#### DATASET CONTENT:
------------
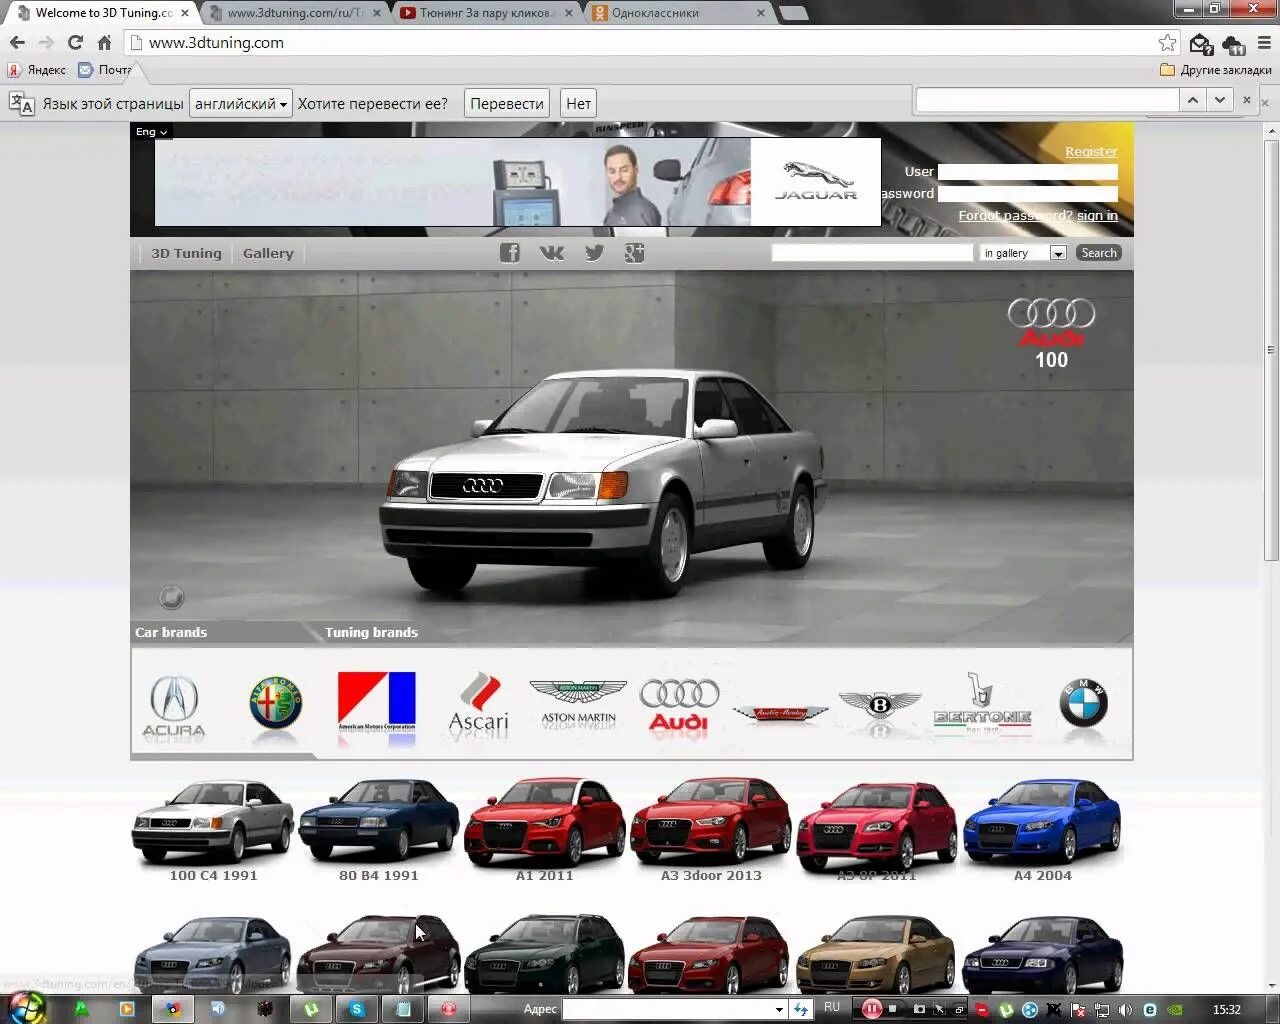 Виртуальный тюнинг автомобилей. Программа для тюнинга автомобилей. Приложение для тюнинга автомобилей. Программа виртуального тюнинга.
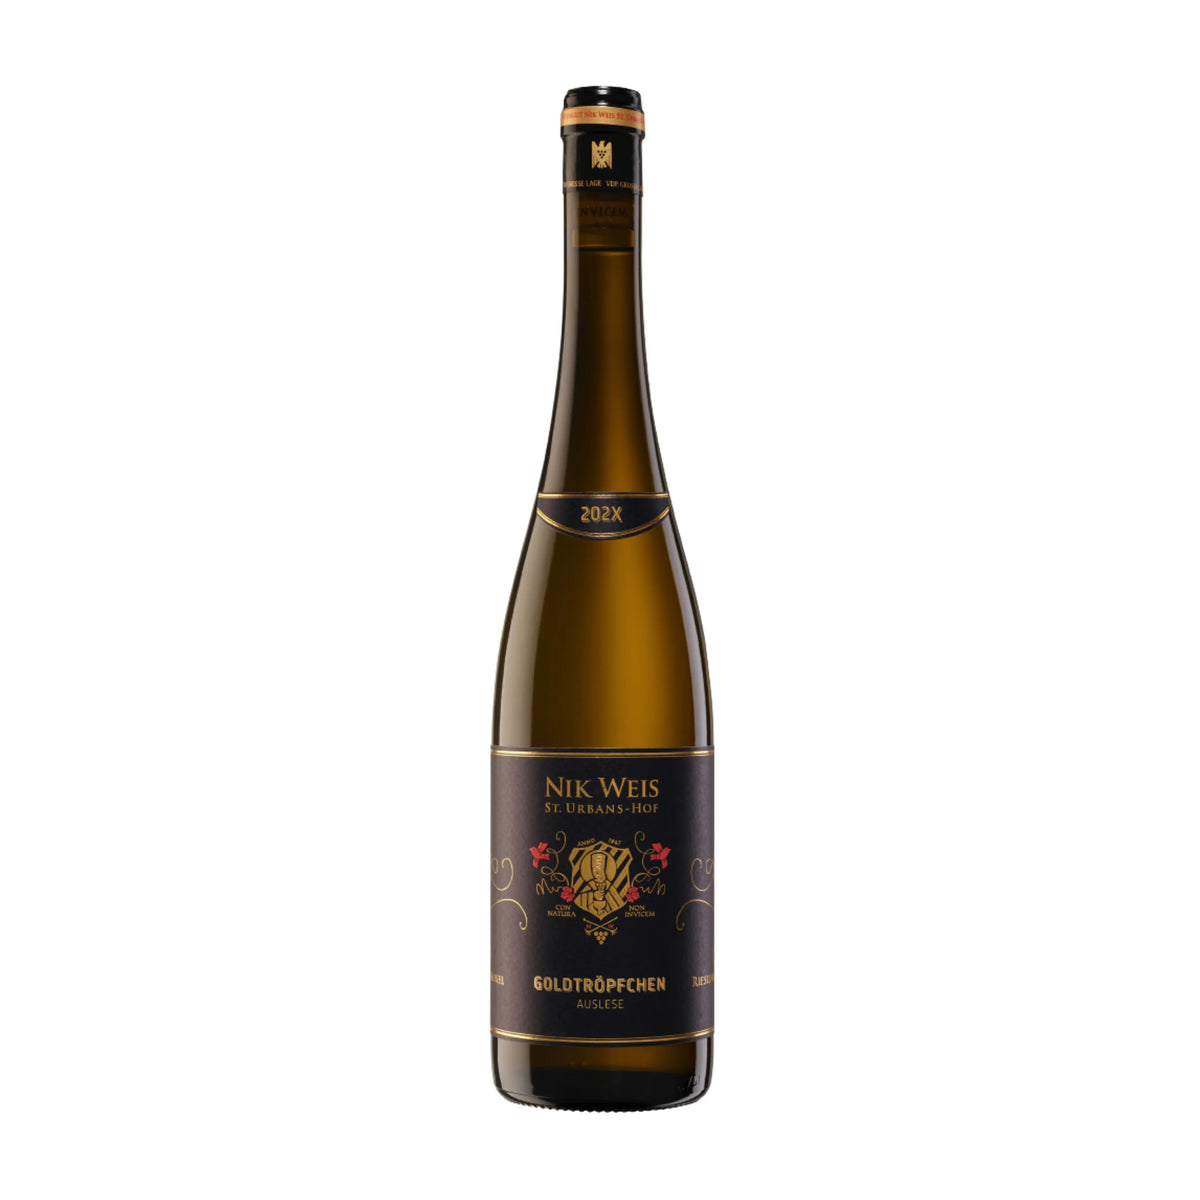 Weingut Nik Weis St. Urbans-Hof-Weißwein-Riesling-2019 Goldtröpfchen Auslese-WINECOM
------------
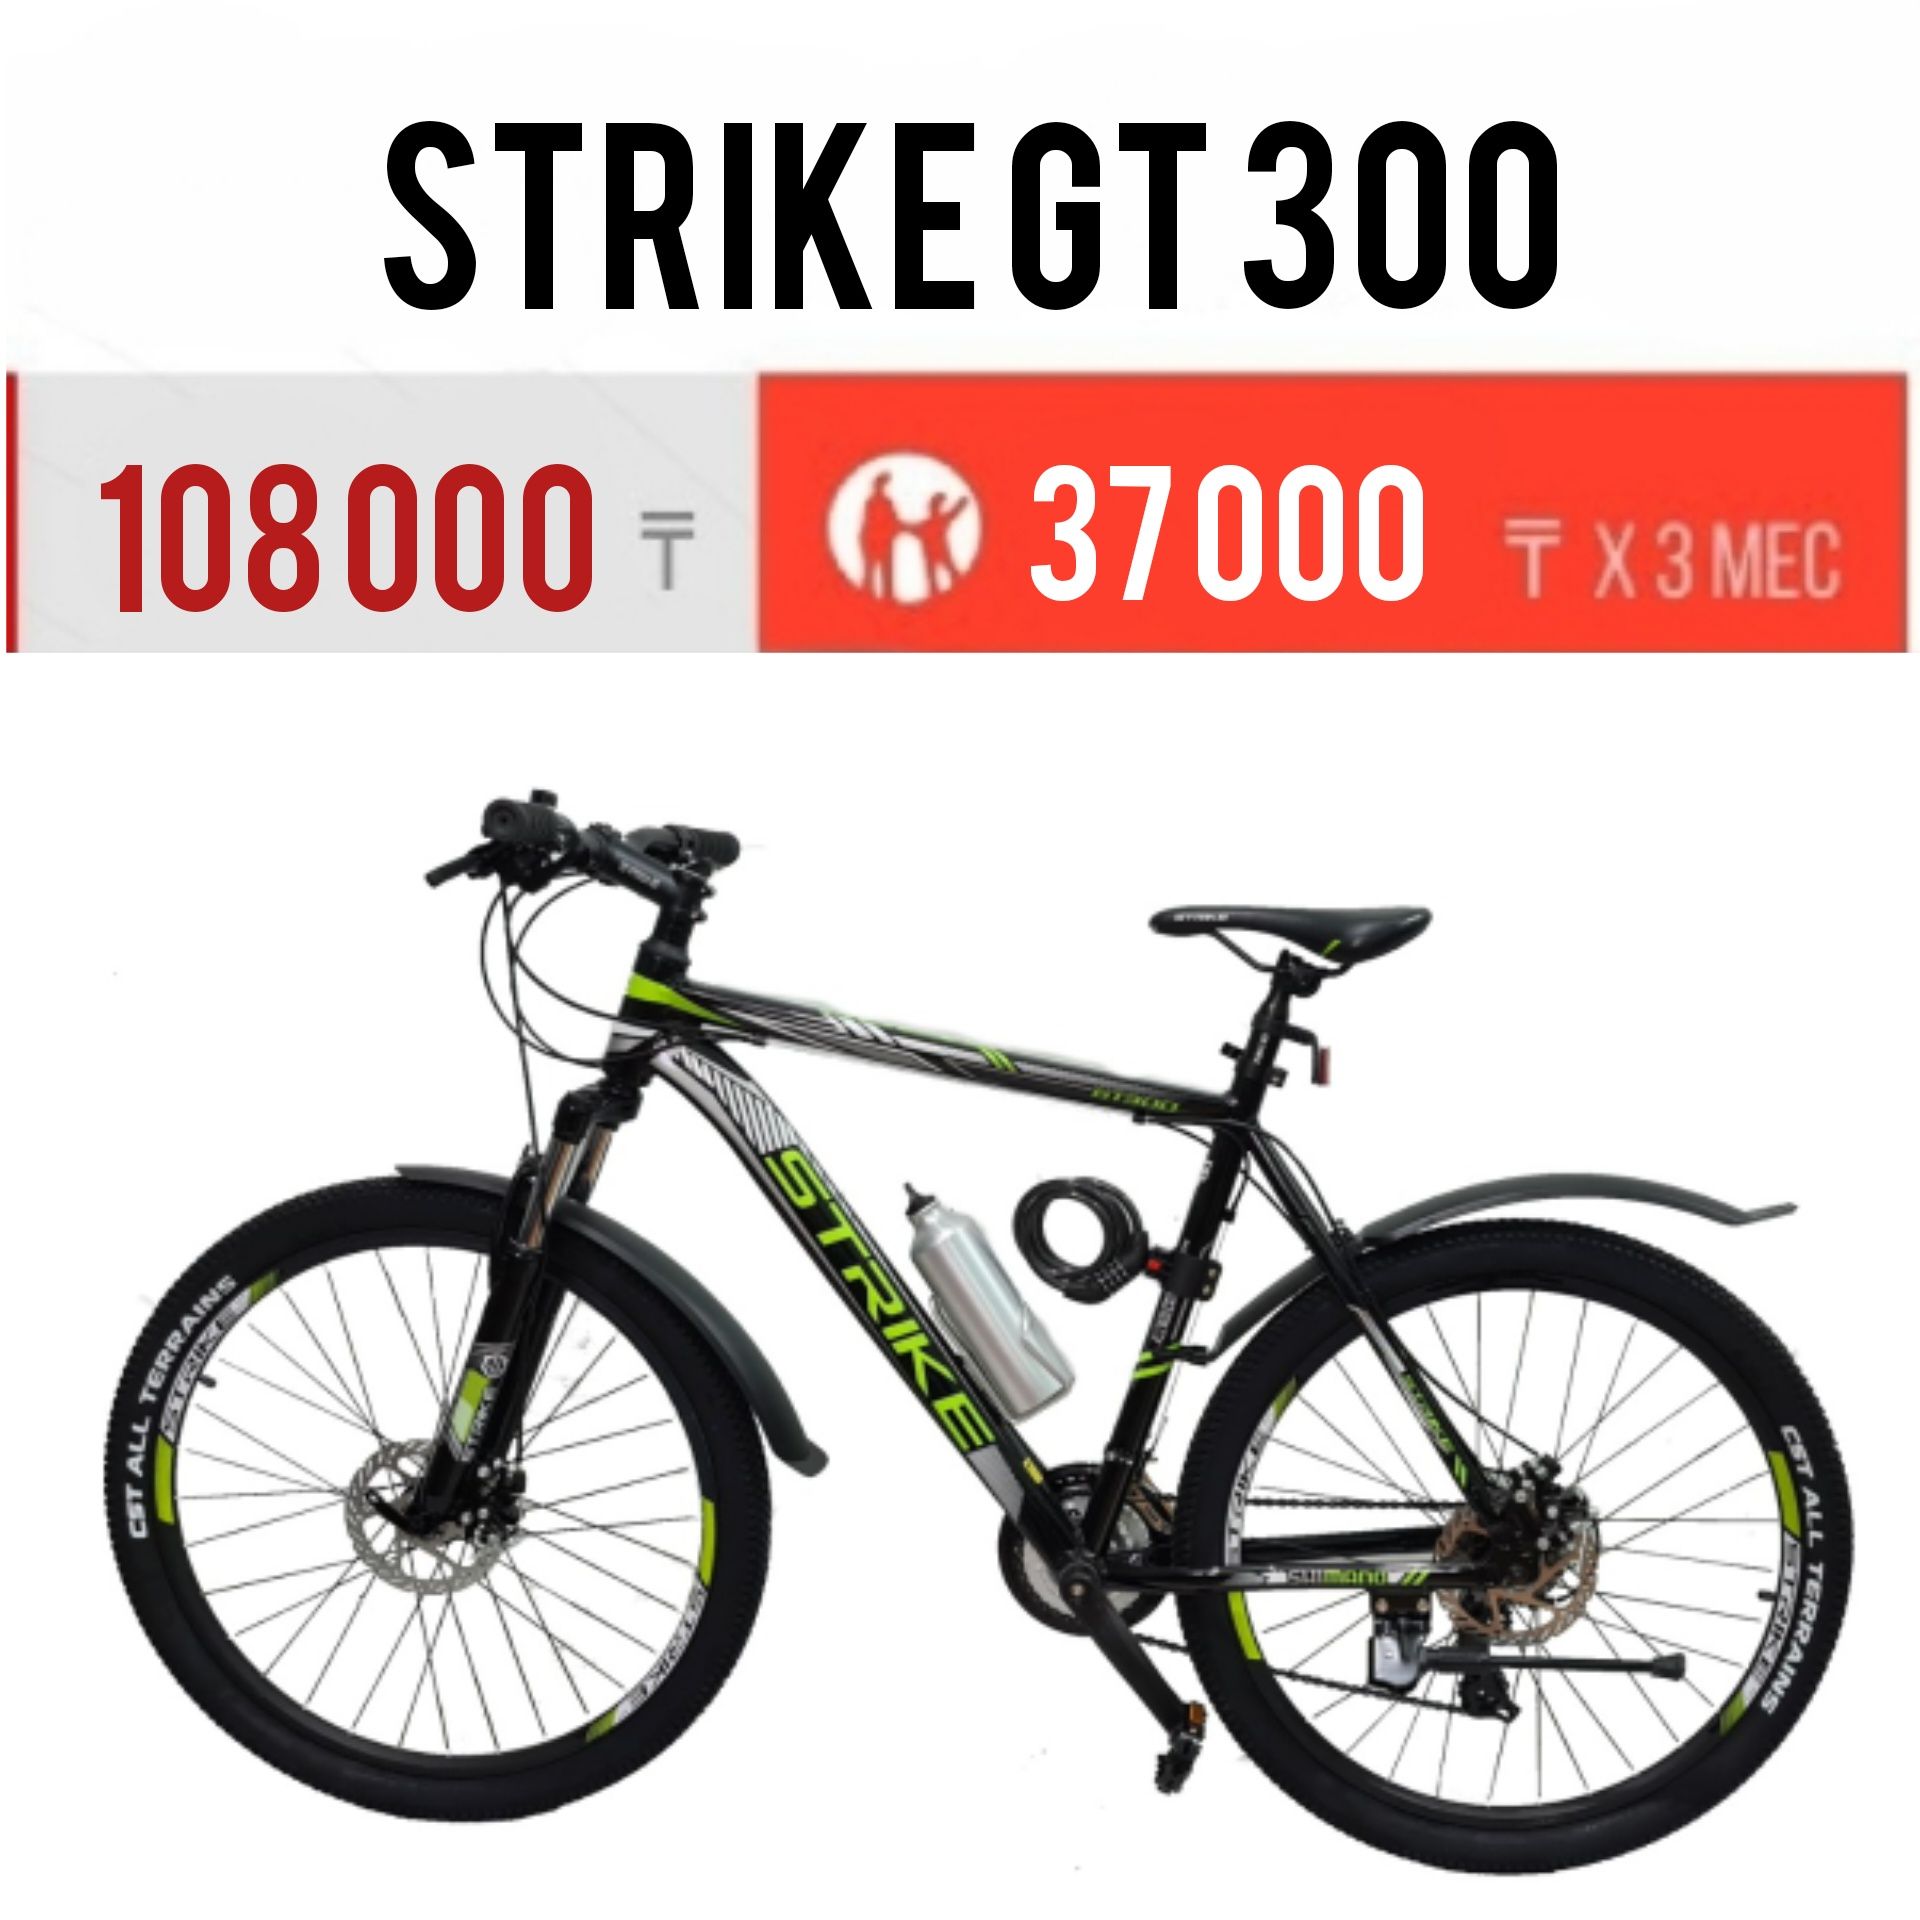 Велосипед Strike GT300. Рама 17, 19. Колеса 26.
------------
#### THE PROBLEM:
Write down exactly what the lines above say, from the line holding "Виртуальный тюнинг автомобилей." through the line holding "Weingut Nik Weis", and nothing more. Do not copy the pictures.

#### OUTPUT BELOW:
 Виртуальный тюнинг автомобилей. Программа для тюнинга автомобилей. Приложение для тюнинга автомобилей. Программа виртуального тюнинга.
 Weingut Nik Weis St. Urbans-Hof-Weißwein-Riesling-2019 Goldtröpfchen Auslese-WINECOM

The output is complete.